Huntsman Williams

Personal information
- Full name: Benjamin Huntsman Williams
- Born: 10 June 1944 Bulawayo, Southern Rhodesia
- Died: 3 August 1978 (aged 34) near Turk Mine, Matabeleland, Rhodesia
- Batting: Left-handed
- Bowling: Left-arm fast-medium
- Role: Bowler

Domestic team information
- 1963/64: Orange Free State
- 1966/67–1969/70: Rhodesia

Career statistics
| Competition | First-class |
| Matches | 9 |
| Runs scored | 143 |
| Batting average | 9.53 |
| 100s/50s | 0/0 |
| Top score | 30 |
| Balls bowled | 948 |
| Wickets | 14 |
| Bowling average | 36.14 |
| 5 wickets in innings | 0 |
| 10 wickets in match | 0 |
| Best bowling | 4/56 |
| Catches/stumpings | 4/– |
- Source: CricketArchive, 15 November 2022

= Huntsman Williams =

Rhodesian cricketer

Benjamin Huntsman Williams (10 June 1944 – 3 August 1978) was a Rhodesian first-class cricketer.

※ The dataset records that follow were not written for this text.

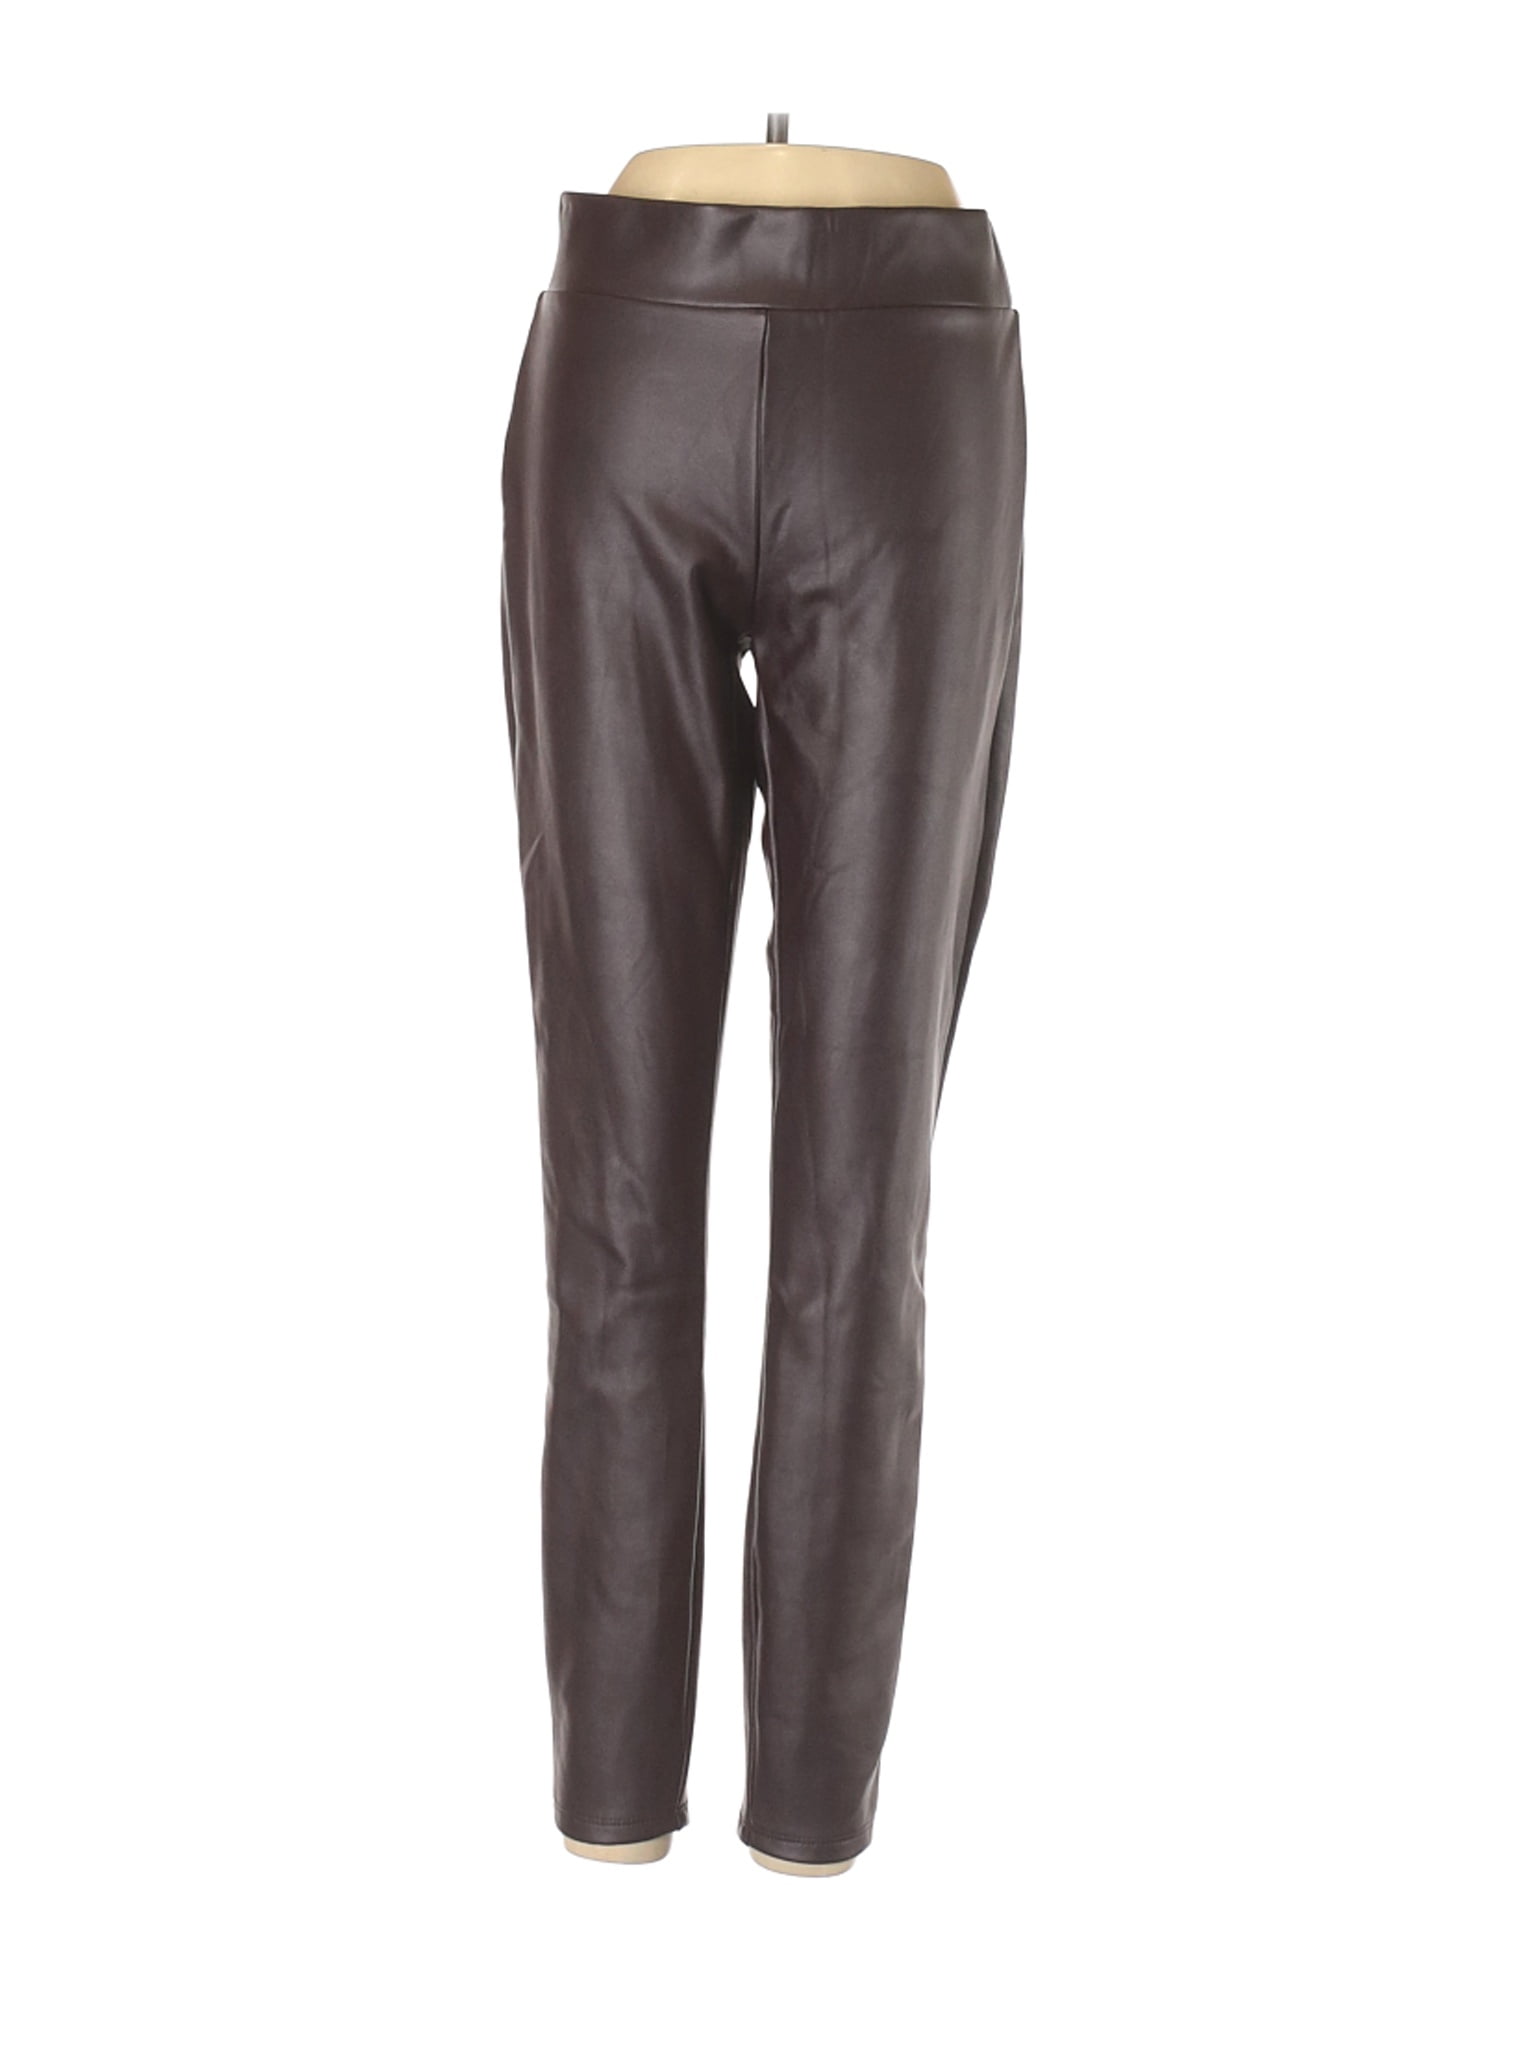 ann taylor faux leather pants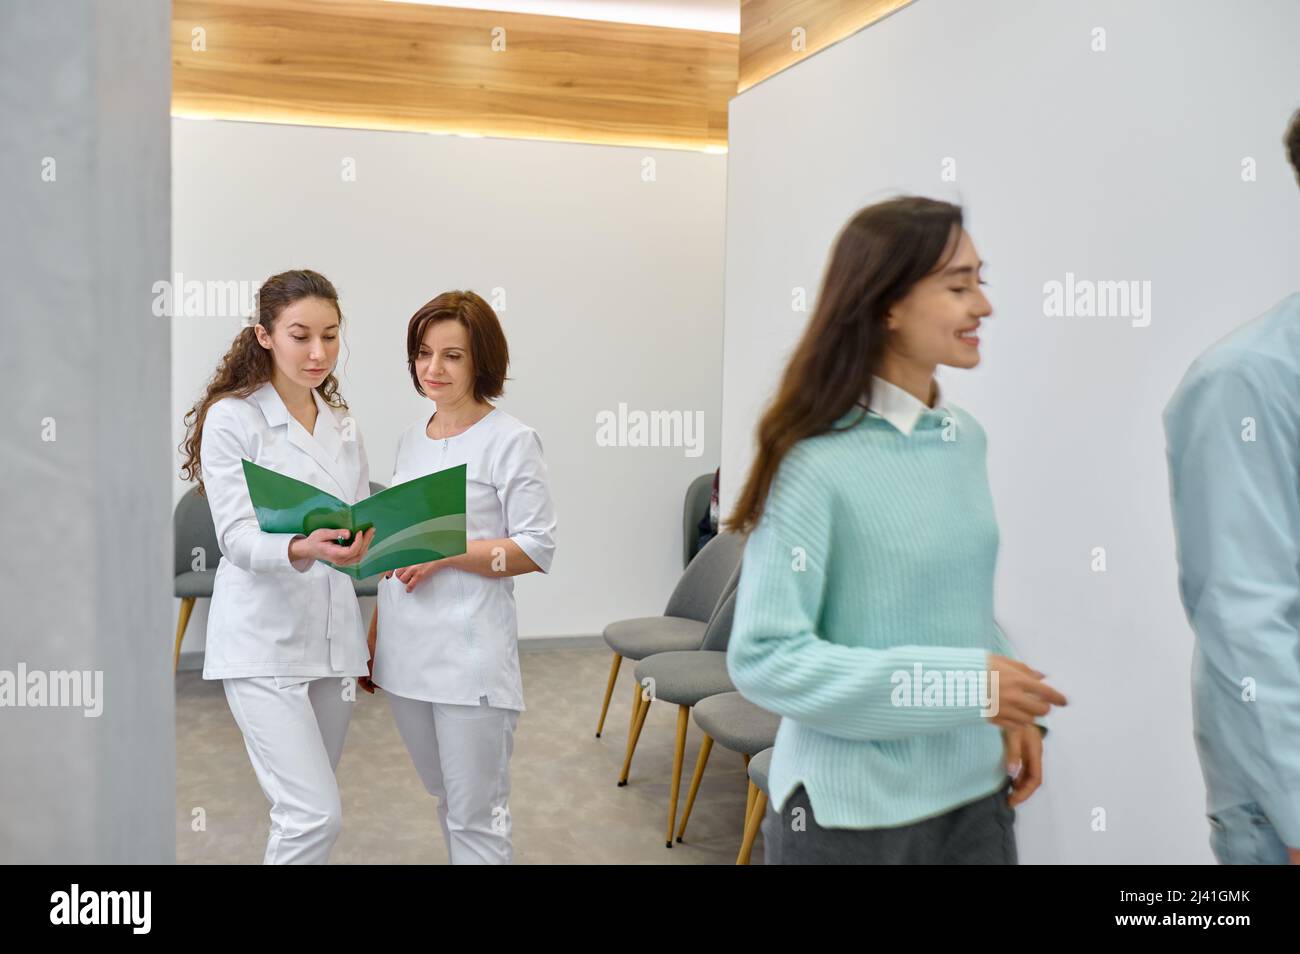 Two nurses discussing medical document in corridor Stock Photo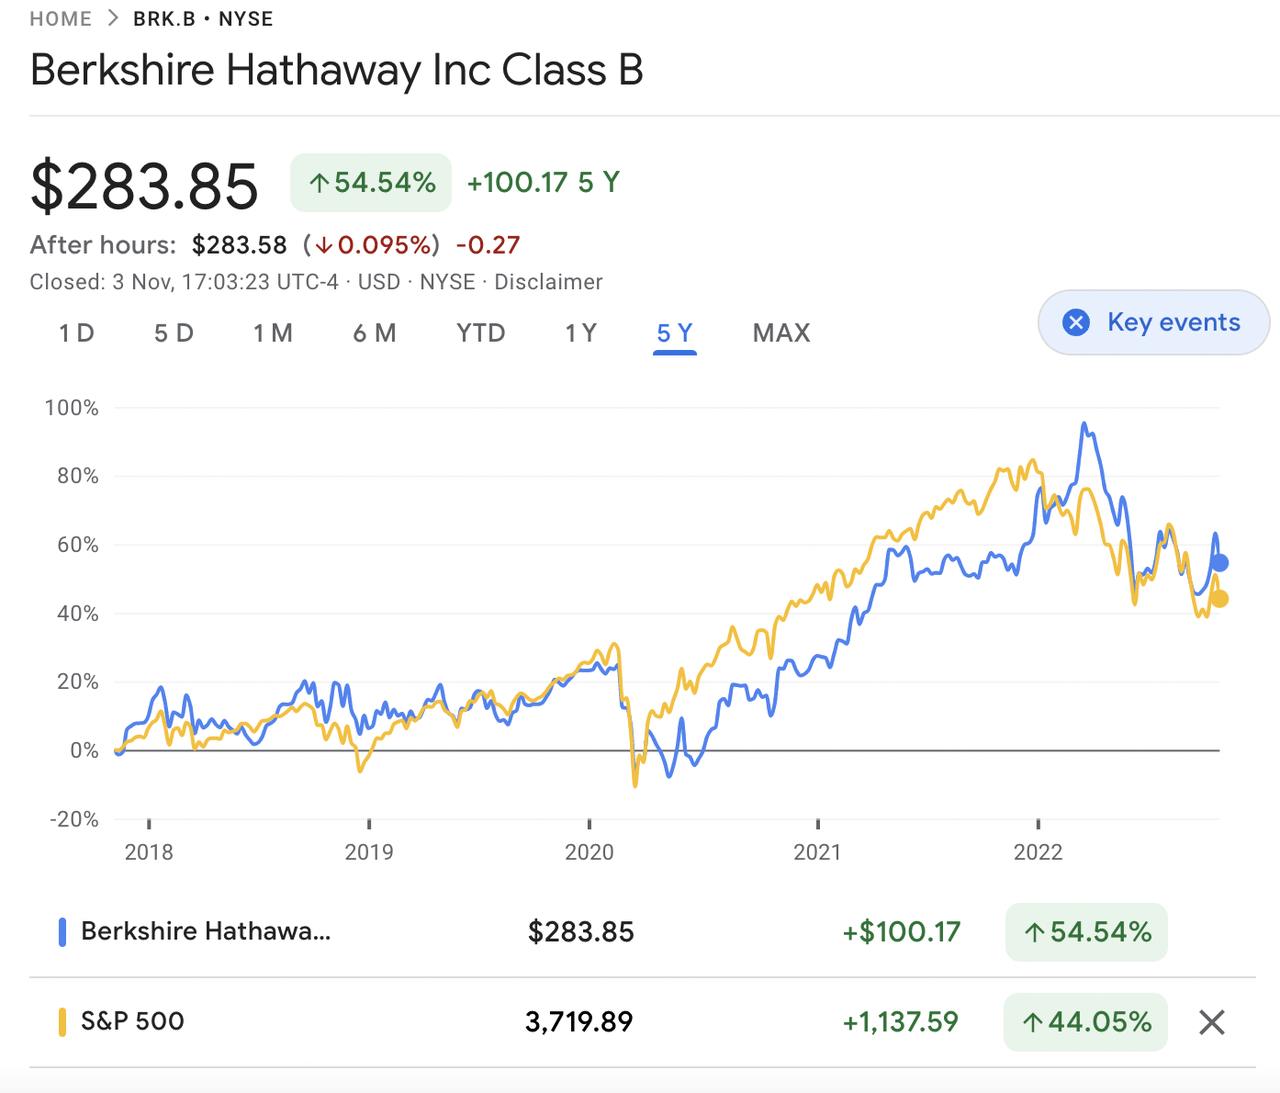 Berkshire hathaway vs the S&P 500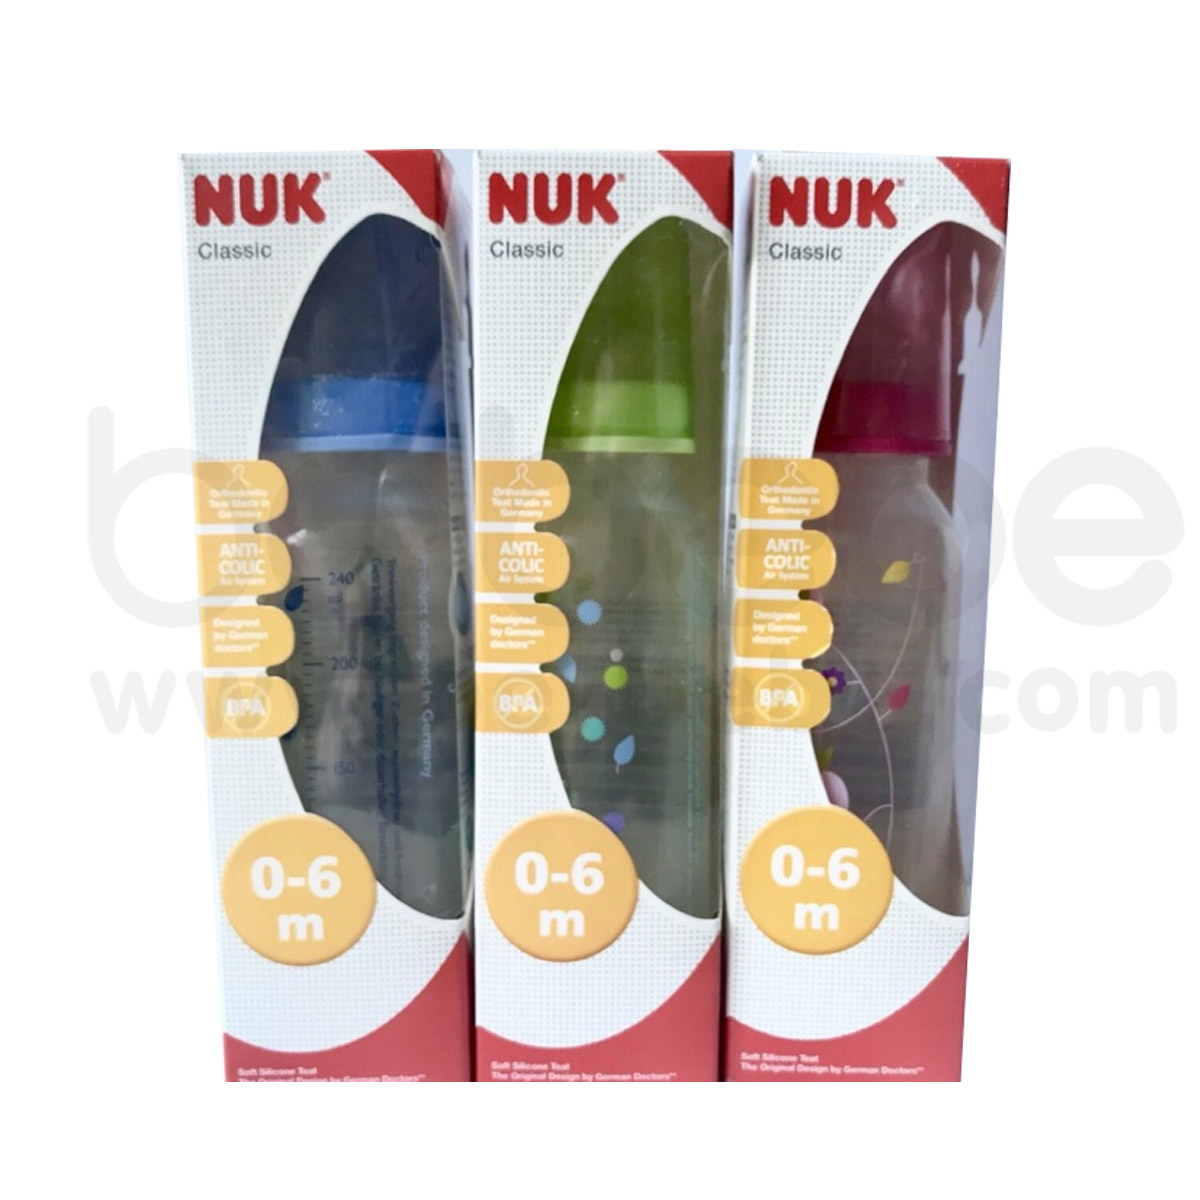 NUK:ขวดนม Classic (0-6 m.) คละสี 240 ml.

Williams, a left-arm fast-medium bowler, was a good enough player in his youth to have represented Rhodesian Nuffield, South African Schools and Rhodesia Country Districts by his 18th birthday.

He made his first-class debut in the 1963/64 Currie Cup season, playing for Orange Free State against North Eastern Transvaal. Despite opening the bowling in each innings, he failed to take a wicket.

In 1966 he appeared for Matabeleland against the touring Australian team, in a non first-class fixture. He took four first innings wickets, Bob Simpson, Bob Cowper, Ian Redpath and Keith Stackpole. This earned him a call up to the Rhodesian team to take on the same opponent and he made two further first-class appearances in the 1966/67 Currie Cup competition. He didn't play again for Rhodesia until the 1969/70 Currie Cup, when he took part in four matches.

When not playing cricket, Williams worked as a farmer, in Inyati. On 3 August 1978, while on duty as a police reserve, he was fatally wounded in the arm by a rocket-propelled grenade fired at his vehicle by Bush War guerrillas during an ambush. He died of wounds later that day.